After two albums that yielded moderate hits on the R&B charts, the group crossed over to the US pop charts with the release of the Skyy Line album in late 1981. Featured on this album was the single "Call Me," which reached number 26 on the Billboard Hot 100 charts and was its first number-one on the R&B charts. The album was later certified Gold by the RIAA. The band continued to record for the Salsoul label until the release of its 1984 Inner City album.

In the mid-1980s, the band signed with Capitol Records and released its album From the Left Side in 1986. Apart from the top ten R&B single, "Givin' It (to You)", the album saw limited success, and the group left Capitol soon thereafter.
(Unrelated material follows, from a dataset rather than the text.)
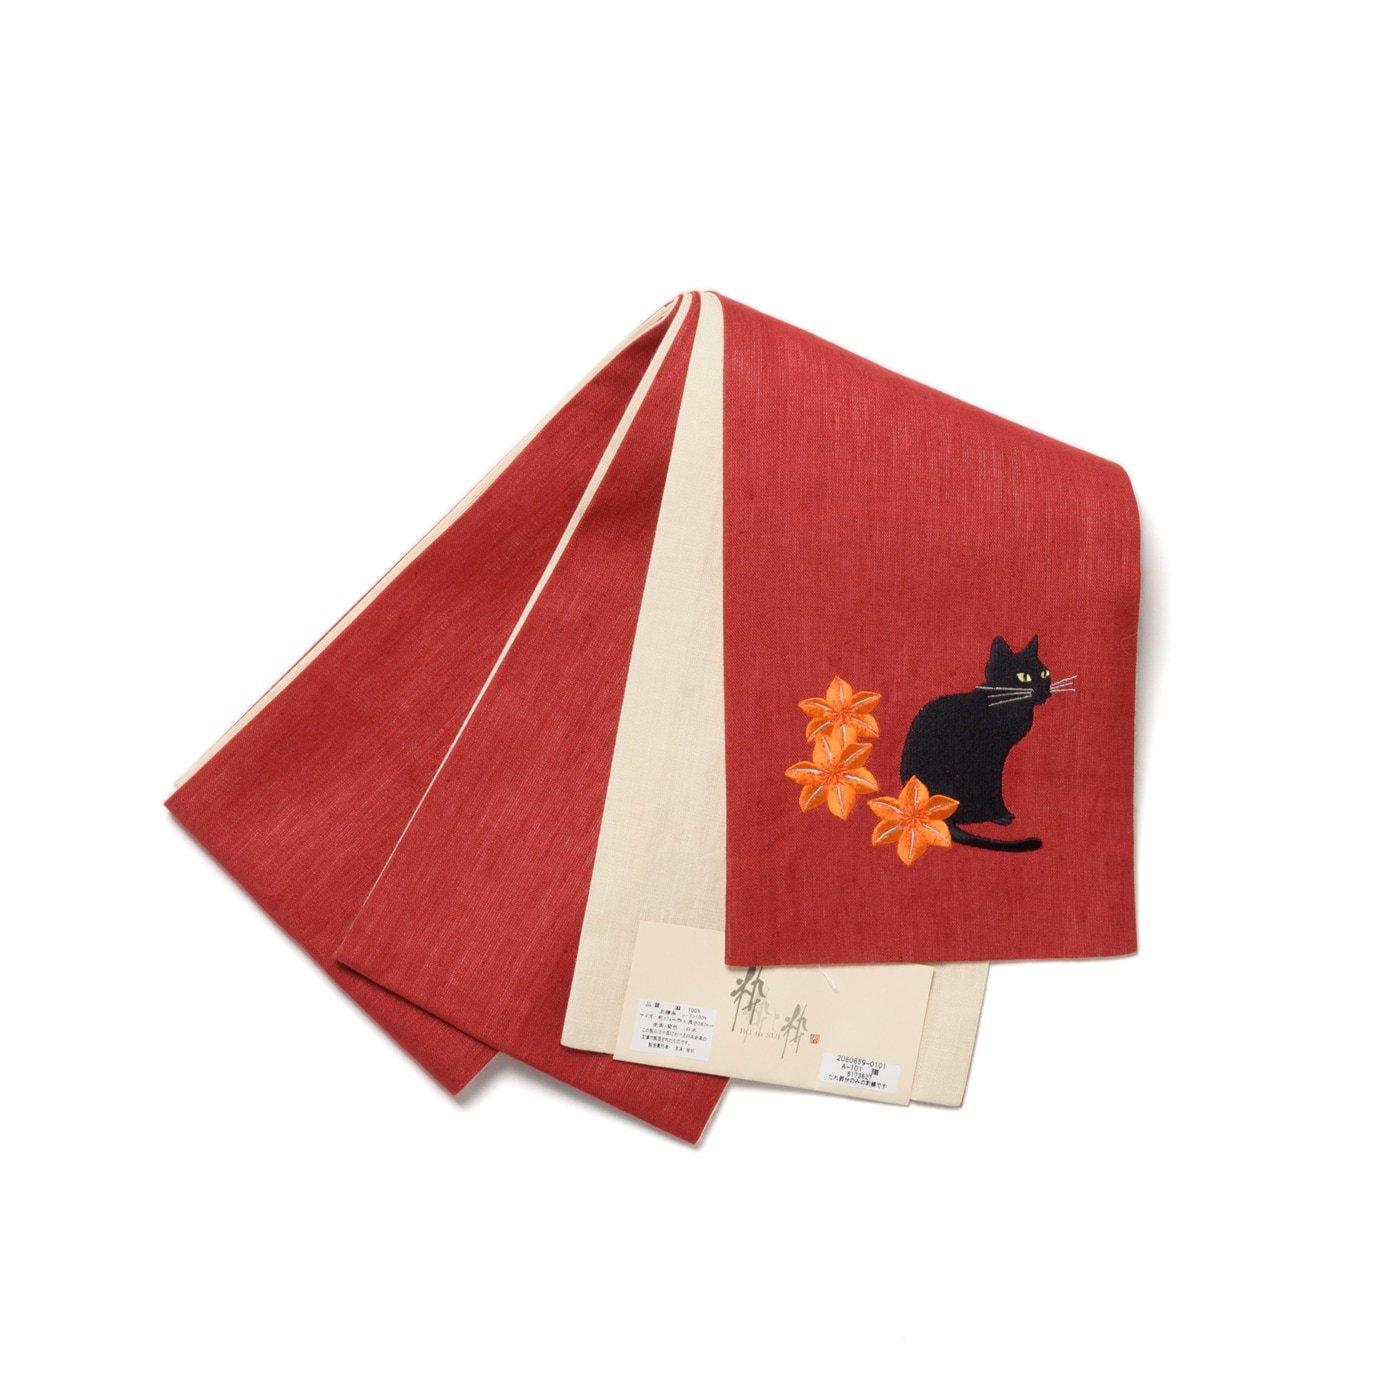 「麻100% 半幅帯 黒猫刺繍 赤」の商品画像

In 1989, after signing with Atlantic Records, Skyy launched a comeback with the release of its Start of a Romance album. This release yielded two number one R&B singles, "Start of a Romance" and "Real Love". "Real Love" also became the group's second and final crossover pop hit peaking at number 47 on the Billboard Hot 100 chart in early 1990. By the release of the Nearer to You album in 1992, the hits were less successful, and the band has not released a new studio album since then.
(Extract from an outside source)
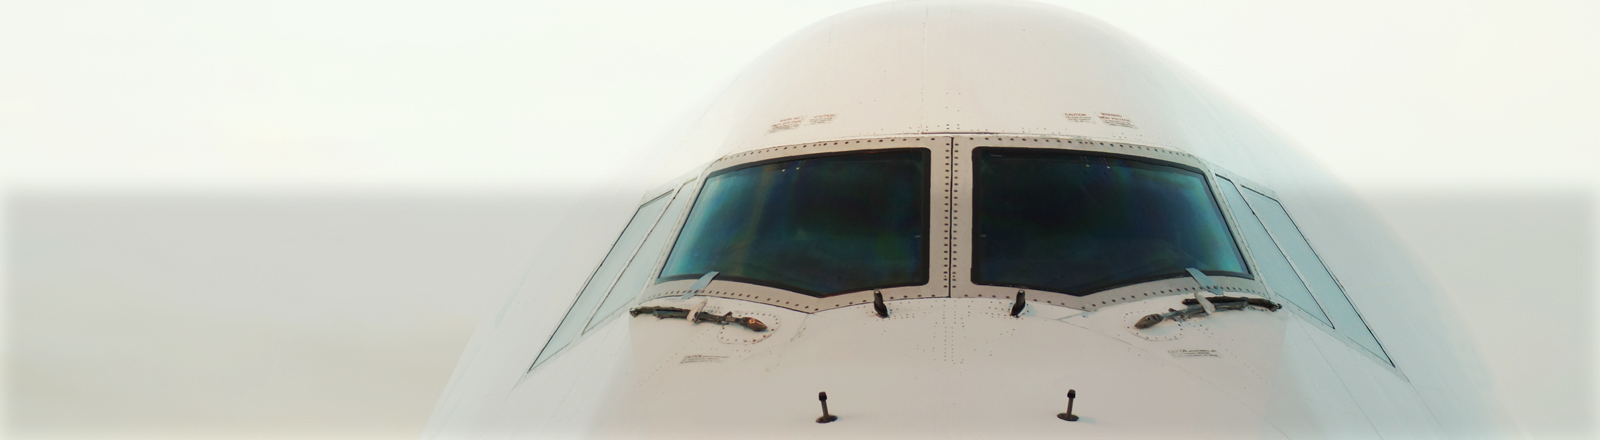 Die Nase eines Flugzeugs.

The sisters have performed consistently since then. In 2007 they attempted to beat a Guinness World Record for the largest kazoo band at the Summerstage Concert Series in Harlem USA, singing their song “Skyyzoo.” Other notable performances have included the Salsoul Reunion Concert, where they performed with former label mates Carol Williams, Double Exposure, Instant Funk, and Joe Bataan in New York City.

==Discography==
===Studio albums===

Year: Title; Peak chart positions; Certifications; Record label
US: US R&B; NZ; UK
1979: Skyy; 117; 40; —; —; Salsoul
1980: Skyway; 61; 17; —; —
Skyyport: 85; 16; 40; —
1981: Skyy Line; 18; 1; —; —; RIAA: Gold ;
1982: Skyyjammer; 81; 22; —; —
1983: Skyylight; 183; 44; —; —
1984: Inner City; —; —; —; —
1986: From the Left Side; —; 33; —; 85; Capitol
1989: Start of a Romance; 155; 16; —; —; Atlantic
1992: Nearer to You; —; 52; —; —
"—" denotes a recording that did not chart or was not released in that territory.

===Compilation albums===
- Skyy Flyy (1982, Salsoul)
- Greatest Hits (1996, The Right Stuff)
- The Anthology (2006, Suss'd)
- Skyyhigh: The Skyy Anthology 1979–1992 (2014, Big Break)

===Singles===

Year: Title; Peak chart positions; Album
US: US R&B; US Dan; CAN; NLD; UK
1979: "First Time Around"; —; 20; 50; 49; —; —; Skyy
"Let's Turn It Out": —; 65; —; —; —; —
"This Groove Is Bad": —; —; —; —; —; —
1980: "High"; 102; 13; 26; —; —; —; Skyway
"Skyyzoo": —; 32; 41; —; —; —
"Here's to You": —; 23; 24; —; —; —; Skyyport
1981: "Superlove"; —; 31; —; —; —; —
"For the First Time": —; —; —; —; —; —
"Call Me": 26; 1; 3; —; 34; —; Skyy Line
1982: "Let's Celebrate"; —; 16; —; —; —; 67
"When You Touch Me": —; 43; —; —; —; —
"Movin' Violation": —; 26; —; —; —; —; Skyyjammer
1983: "Let Love Shine"; —; 39; 41; —; —; —
"Bad Boy": —; 33; —; —; —; —; Skyylight
"Show Me the Way": —; 35; 10; —; —; 97
"Married Man": —; —; —; —; —; —
1984: "Dancin' to Be Dancin'"; —; 49; —; —; —; —; Inner City
1986: "Givin' It (To You)"; —; 8; 42; —; —; 83; From the Left Side
"Non-Stop": —; —; —; —; —; —
"Love Illogical": —; —; —; —; —; —
1989: "Start of a Romance"; —; 1; 41; —; —; —; Start of a Romance
"Love All the Way": —; 47; —; —; —; —
"Real Love": 47; 1; —; —; —; —
1992: "Up and Over (Stronger and Better)"; —; 16; —; —; —; —; Nearer to You
"Nearer to You": —; 73; —; —; —; —
2014: "Top of the World" (Solidisco featuring Skyy); —; —; —; —; —; —; —
"—" denotes a recording that did not chart or was not released in that territory.